The one-year postponement last year, however, caused by the novel coronavirus pandemic, topped it all. The flame for Tokyo was lit in Greece on March 12, but the torch relay in the country was soon suspended after drawing an unexpectedly large crowd in its early stages.

A chartered flight brought the flame to Japan on March 20, four days before the postponement was announced. It was the second time a Tokyo Olympics could not take place on schedule. Japan had been picked to host the 1940 Olympics but forfeited them due to its war in China.

Mori's resignation also means another main figure from the original leadership of the team that won Tokyo the Olympics is now out of the picture.

Shinzo Abe, then the prime minister, worked in tandem with Mori and provided the final presentation at the IOC's general session in Buenos Aires in September 2013 when Japan won the bid to host.

Abe also appeared in the cartoon costume of video game character Super Mario in a surprise appearance at the closing ceremony of the 2016 Rio de Janeiro Games.

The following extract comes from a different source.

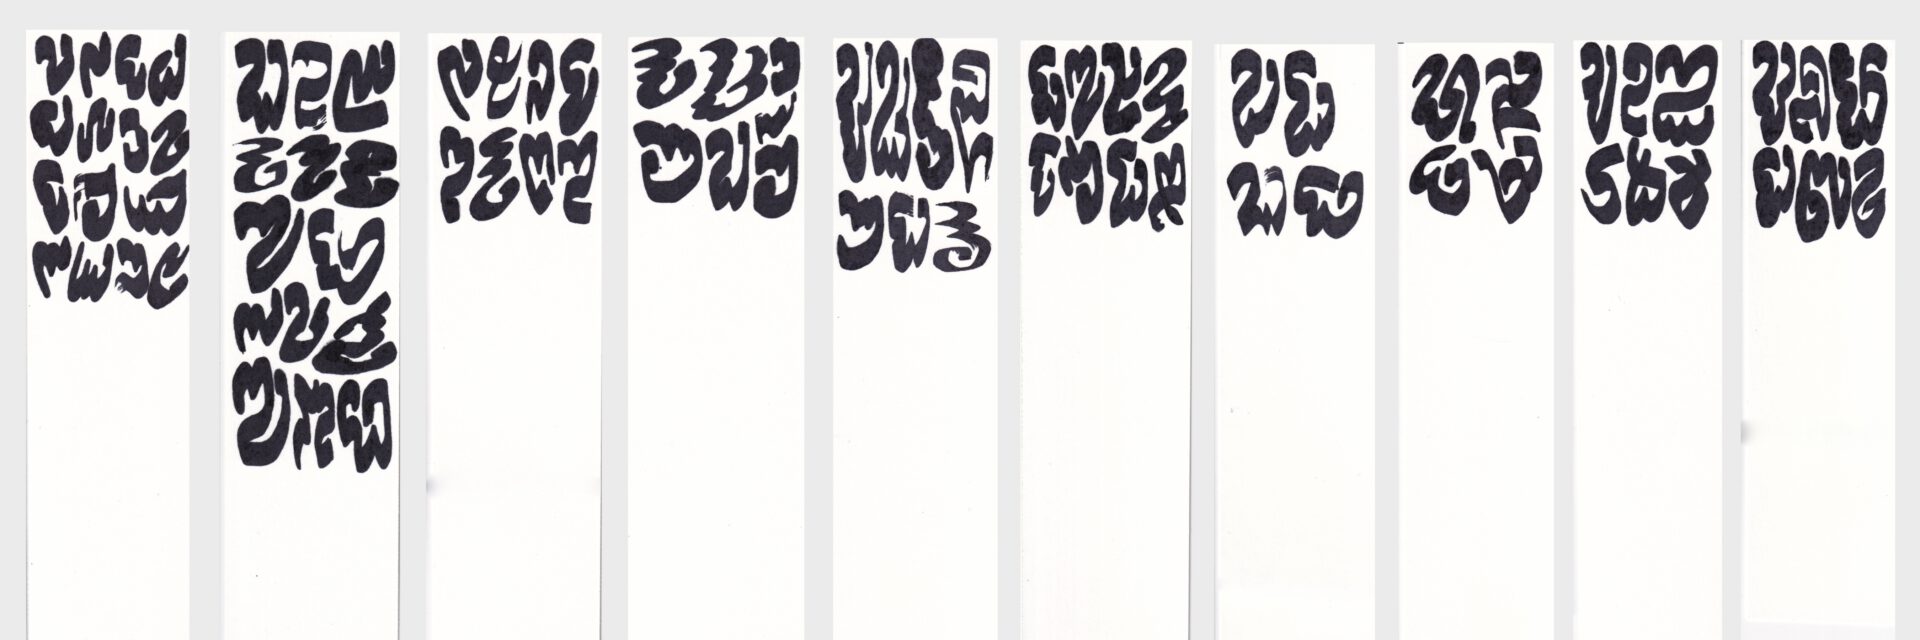 Bookmark, black and red ink on white cardboard, 2022

Abe, however, stepped down last September citing health reasons.

Naoki Inose, Tokyo's governor at the time, was instrumental in the Japanese capital's successful bid, but resigned in December 2013 over receiving 50 million yen ($476,000) in cash from a scandal-hit hospital operator.

Former Japanese Olympic Committee chief Tsunekazu Takeda stepped down in June 2019 and resigned from the IOC after French authorities began investing him for corruption related to a $2 million payment to a Singapore-based consultant.

From 2011 to 2014, Takeda was president of the bid committee, which paid Singapore consulting firm Black Tidings the money in 2013. It is believed to have been funneled to Papa Massata Diack, the son of Lamine Diack, the powerful former IOC member and head of world athletics.